Provides a preconditioner for the nonlinear solver trying to bring the residual to zero. The Jacobian is approximated as a block matrix, where each block is a tridiagonal matrix using a finite difference method for differentiation.
| Type | Intent | Optional | Attributes | Name | ||
|---|---|---|---|---|---|---|
| class(ice_shelf), | intent(inout) | :: | this | |||
| class(glacier), | intent(in), | dimension(:) | :: | previous_states | The states of the glacier in the previous time steps. The first element of the array should be the most recent. The default implementation will only make use of the most recent state, but the fact that this is an array allows overriding methods to use older states for higher-order integration methods. |
|
| class(scalar_field), | intent(in) | :: | melt_rate | Thickness of the ice above the glacier |
||
| class(scalar_field), | intent(in) | :: | basal_drag_parameter | A paramter, e.g. coefficient of friction, needed to calculate the drag on basal surface of the glacier. |
||
| real(kind=r8), | intent(in) | :: | water_density | The density of the water below the glacier |
||
| real(kind=r8), | intent(in), | dimension(:) | :: | delta_state | The change to the state vector which is being preconditioned. |
The result of applying the preconditioner to delta_state.

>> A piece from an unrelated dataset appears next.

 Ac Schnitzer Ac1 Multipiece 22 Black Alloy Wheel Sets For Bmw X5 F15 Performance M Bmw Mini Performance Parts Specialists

function shelf_precondition(this, previous_states, melt_rate, &
basal_drag_parameter, water_density, &
delta_state) result(preconditioned)
!* Author: Chris MacMackin
! Date: January 2016
!
! Provides a preconditioner for the nonlinear solver trying to
! bring the residual to zero. The Jacobian is approximated as a
! block matrix, where each block is a tridiagonal matrix using a
! finite difference method for differentiation.
!
class(ice_shelf), intent(inout) :: this
class(glacier), dimension(:), intent(in) :: previous_states
!! The states of the glacier in the previous time steps. The
!! first element of the array should be the most recent. The
!! default implementation will only make use of the most
!! recent state, but the fact that this is an array allows
!! overriding methods to use older states for higher-order
!! integration methods.
class(scalar_field), intent(in) :: melt_rate
!! Thickness of the ice above the glacier
class(scalar_field), intent(in) :: basal_drag_parameter
!! A paramter, e.g. coefficient of friction, needed to calculate
!! the drag on basal surface of the glacier.

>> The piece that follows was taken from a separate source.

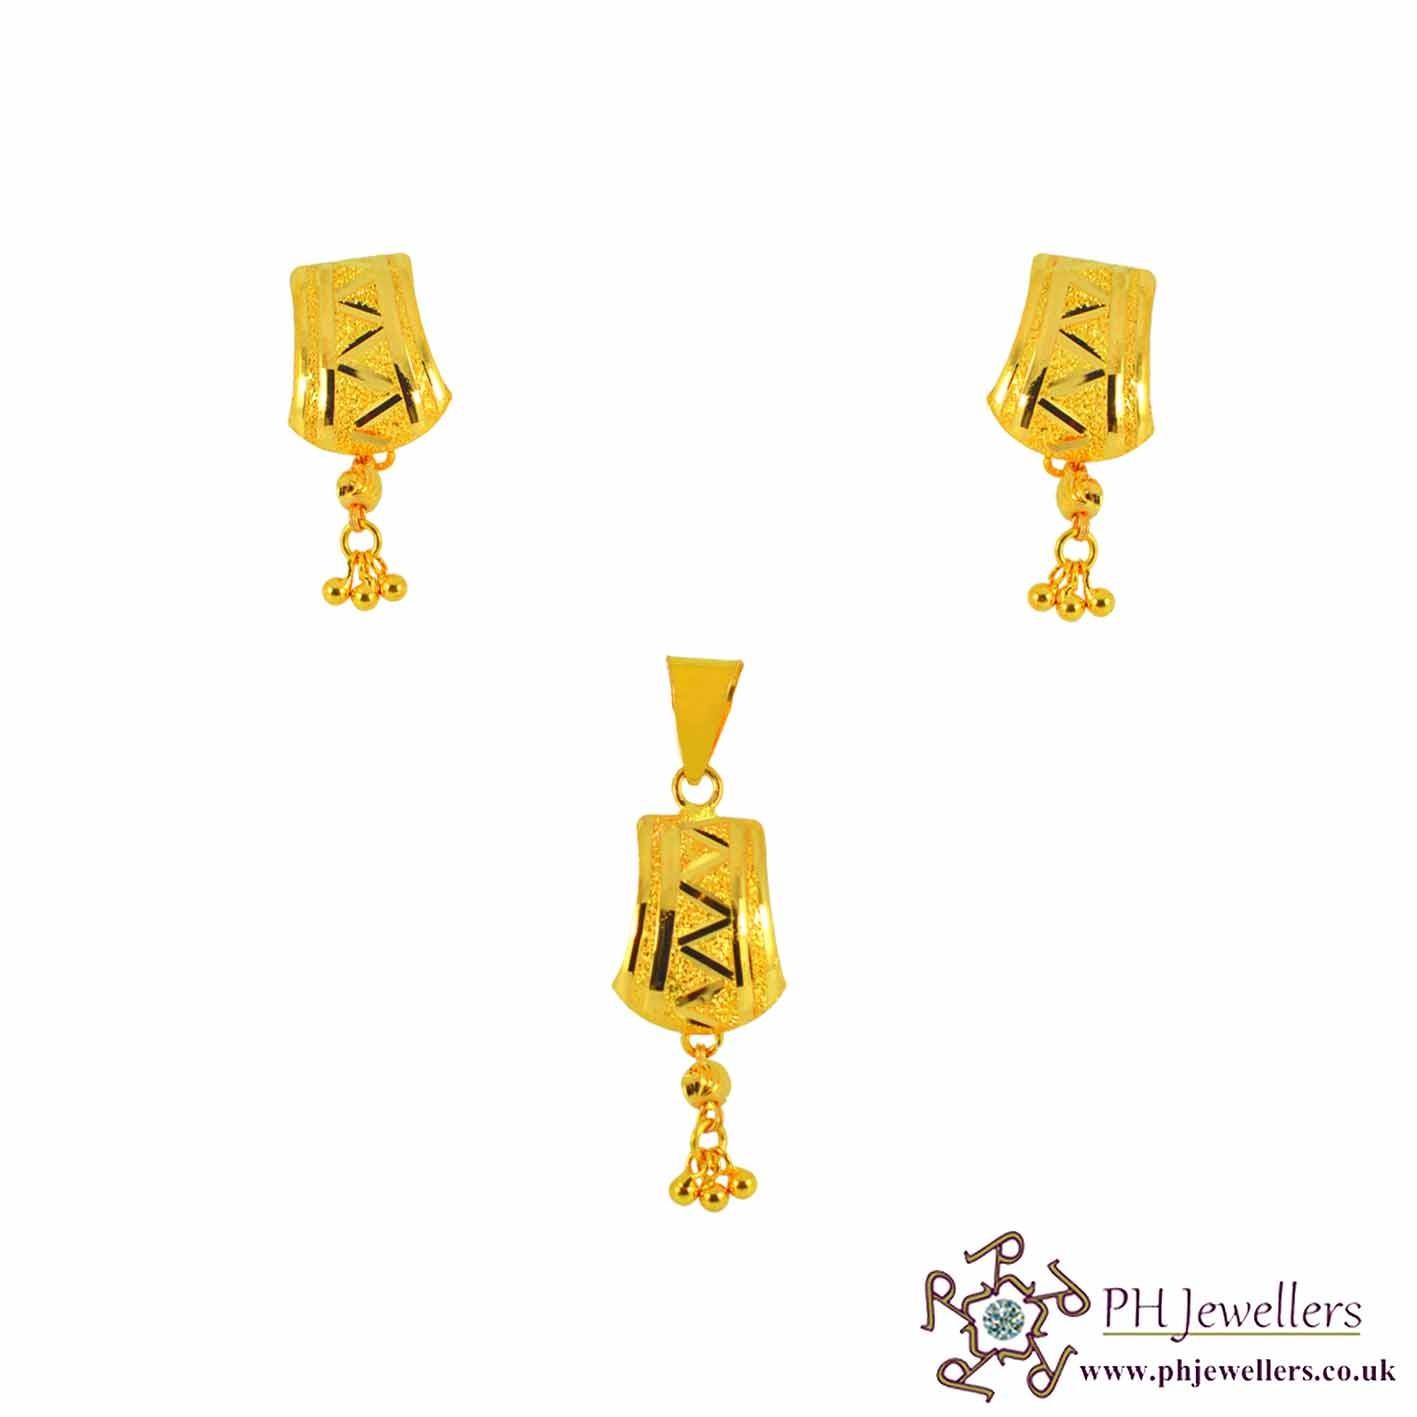 22ct 916 Yellow Gold Danglee Pendant Set PS10

real(r8), intent(in) :: water_density
!! The density of the water below the glacier
real(r8), dimension(:), intent(in) :: delta_state
!! The change to the state vector which is being preconditioned.

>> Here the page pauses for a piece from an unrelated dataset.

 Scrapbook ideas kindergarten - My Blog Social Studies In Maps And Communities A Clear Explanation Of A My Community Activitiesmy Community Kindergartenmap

real(r8), dimension(:), allocatable :: preconditioned
!! The result of applying the preconditioner to `delta_state`.
type(cheb1d_scalar_field) :: delta_h
integer :: i, sl, el, su, eu
integer, dimension(:), allocatable :: boundary_locations
real(r8) :: delta_t
call melt_rate%guard_temp(); call basal_drag_parameter%guard_temp()
allocate(preconditioned(size(delta_state)))
select type(previous_states)
class is(ice_shelf)
delta_t = this%time - previous_states(1)%time
class default
call logger%fatal('ice_shelf%precondition','Type other than `ice_shelf` '// &
'passed to `ice_shelf` object as a previous state.')
error stop
end select
call delta_h%assign_meta_data(this%thickness)
call delta_h%set_from_raw(delta_state)
associate(jac => this%thickness_jacobian, uvec => this%velocity)
if (this%stale_jacobian) then
sl = this%thickness_size - this%thickness_lower_bound_size + 1
el = this%thickness_size
su = 1
eu = this%thickness_upper_bound_size
boundary_locations = [(i, i=sl,el), (i, i=su,eu)]
jac = jacobian_block(uvec%component(1), 1, boundary_locs=boundary_locations) &
+ 1._r8/delta_t
this%stale_jacobian = .false.
end if
delta_h = jac%solve_for(delta_h)
end associate
preconditioned = delta_h%raw()
call melt_rate%clean_temp(); call basal_drag_parameter%clean_temp()
#ifdef DEBUG
call logger%debug('ice_shelf%precondition','Applied preconditioner for ice shelf.')
#endif
end function shelf_precondition